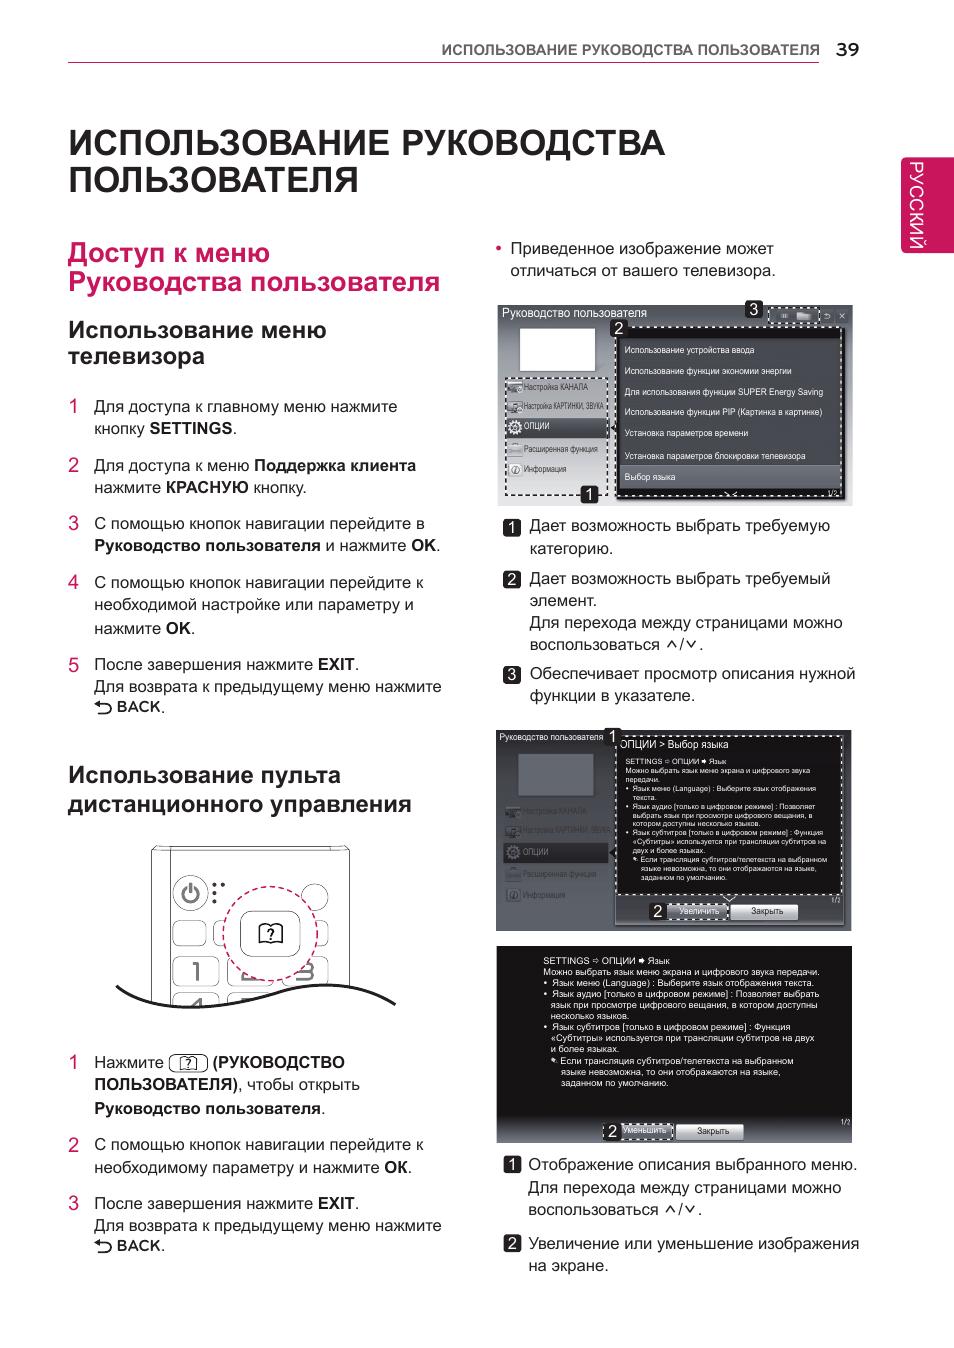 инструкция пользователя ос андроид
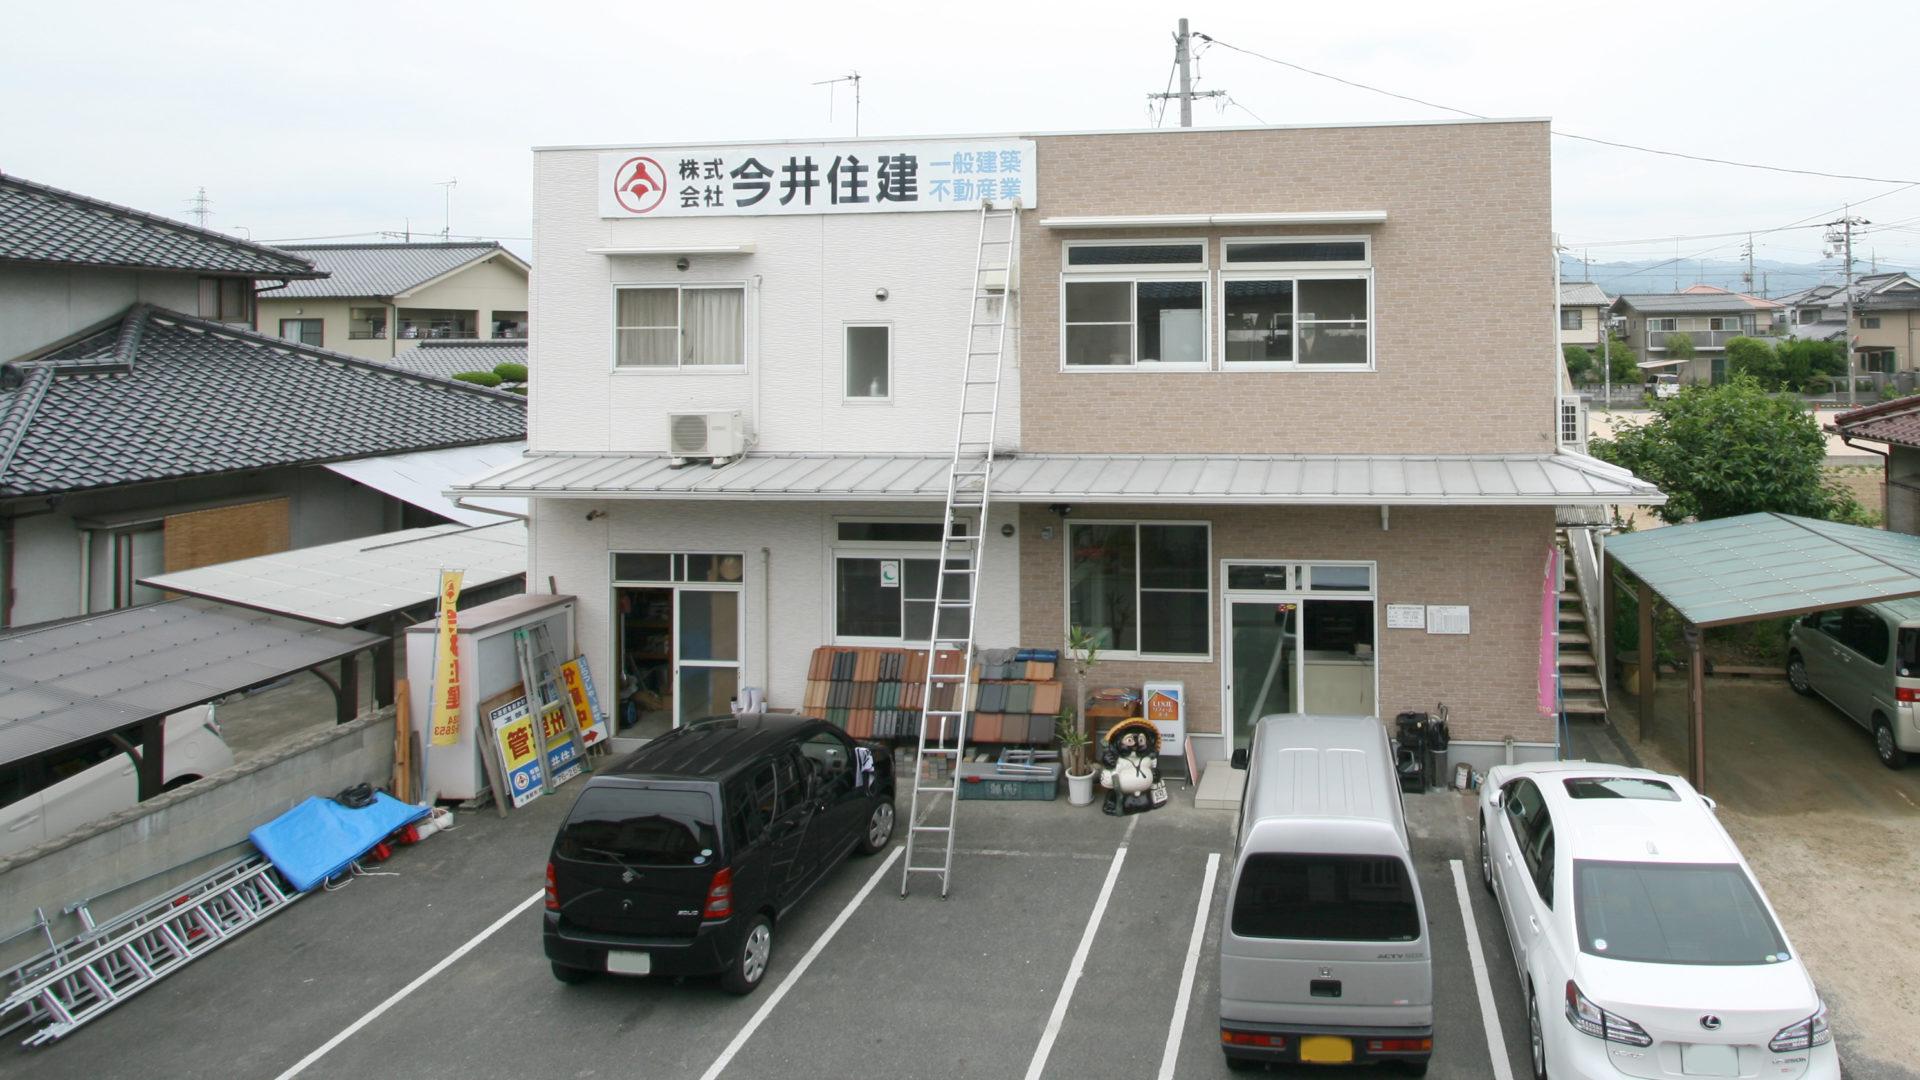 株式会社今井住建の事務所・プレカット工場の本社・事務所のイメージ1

------------------------------

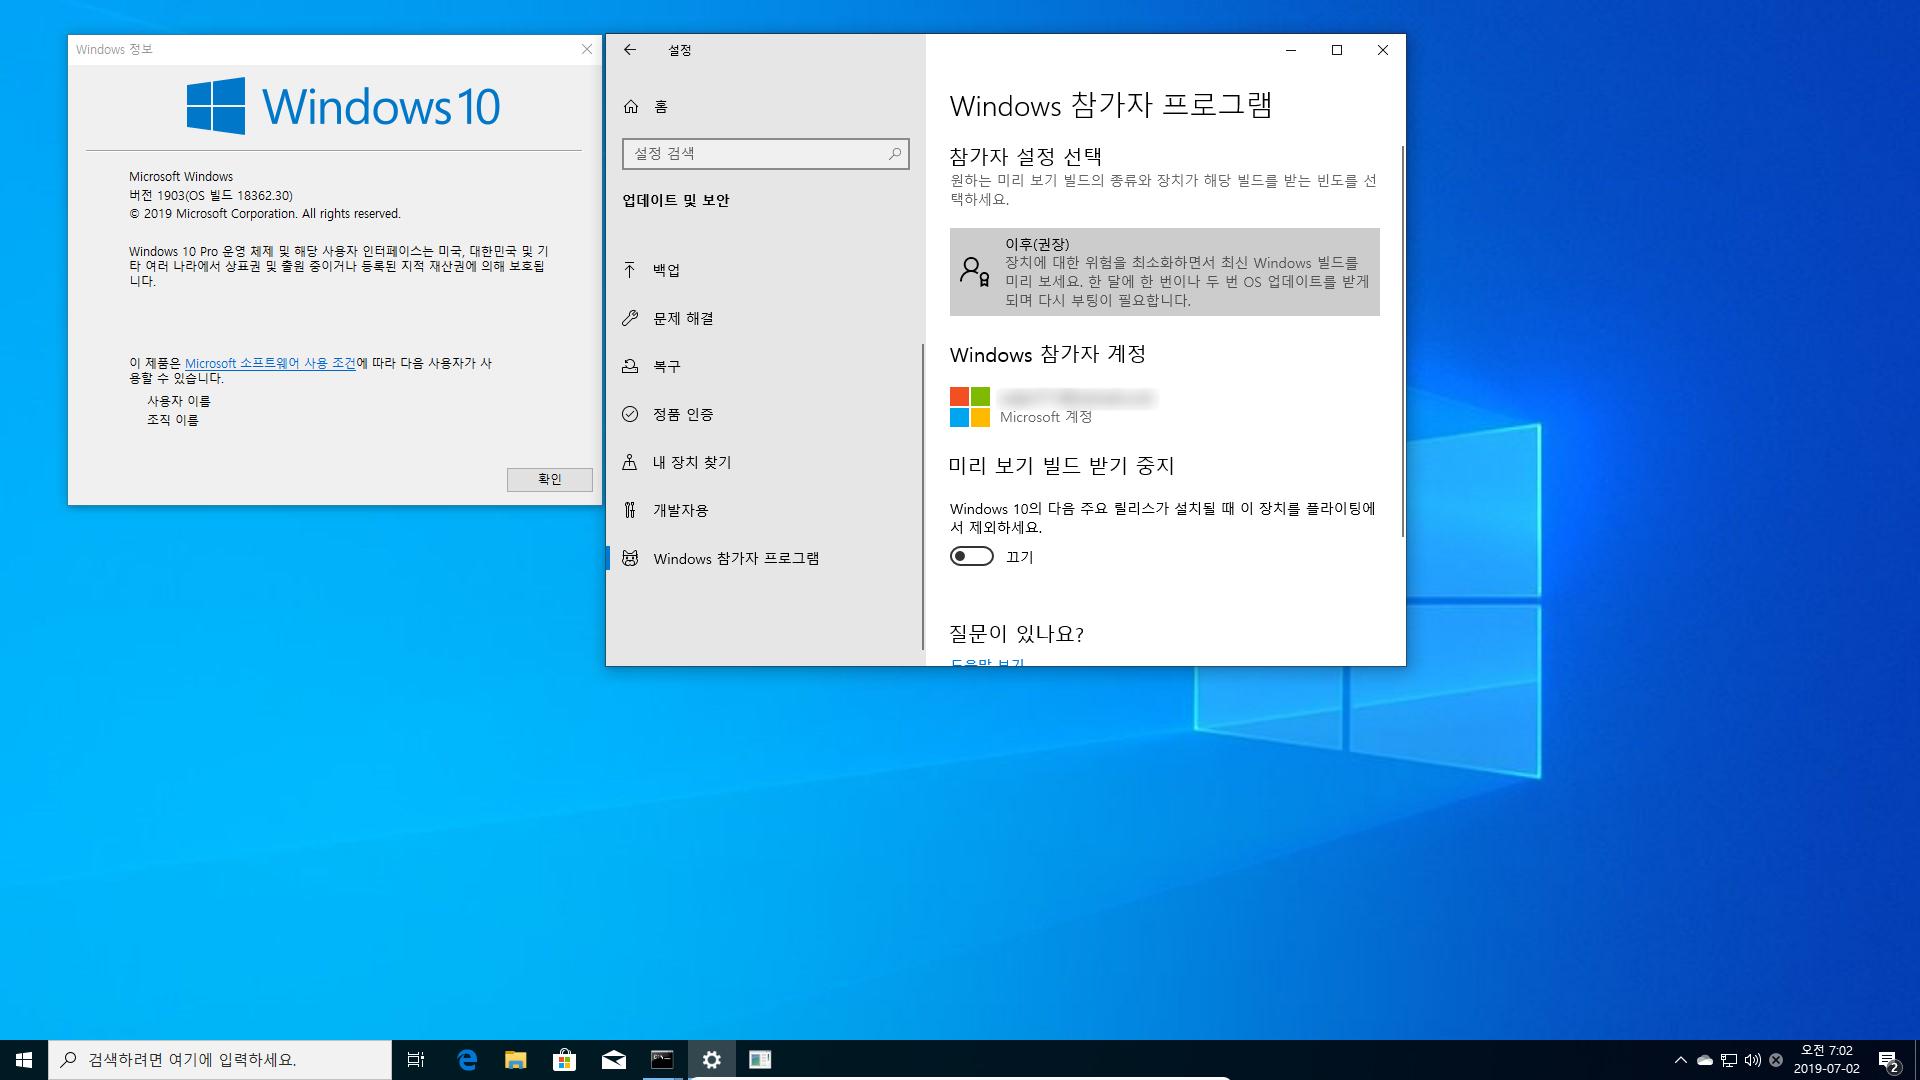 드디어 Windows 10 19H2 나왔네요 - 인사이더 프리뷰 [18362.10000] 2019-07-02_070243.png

------------------------------

WHAT TO WORK ON:
Write out exactly the run of lines above that starts at the line containing "инструкция пользователя ос андроид" and ends at the line containing "株式会社今井住建の事務所・プレカット工場の本社・事務所のイメージ1". Include both, and leave the pictures out.

ANSWER SPACE:
 инструкция пользователя ос андроид
 株式会社今井住建の事務所・プレカット工場の本社・事務所のイメージ1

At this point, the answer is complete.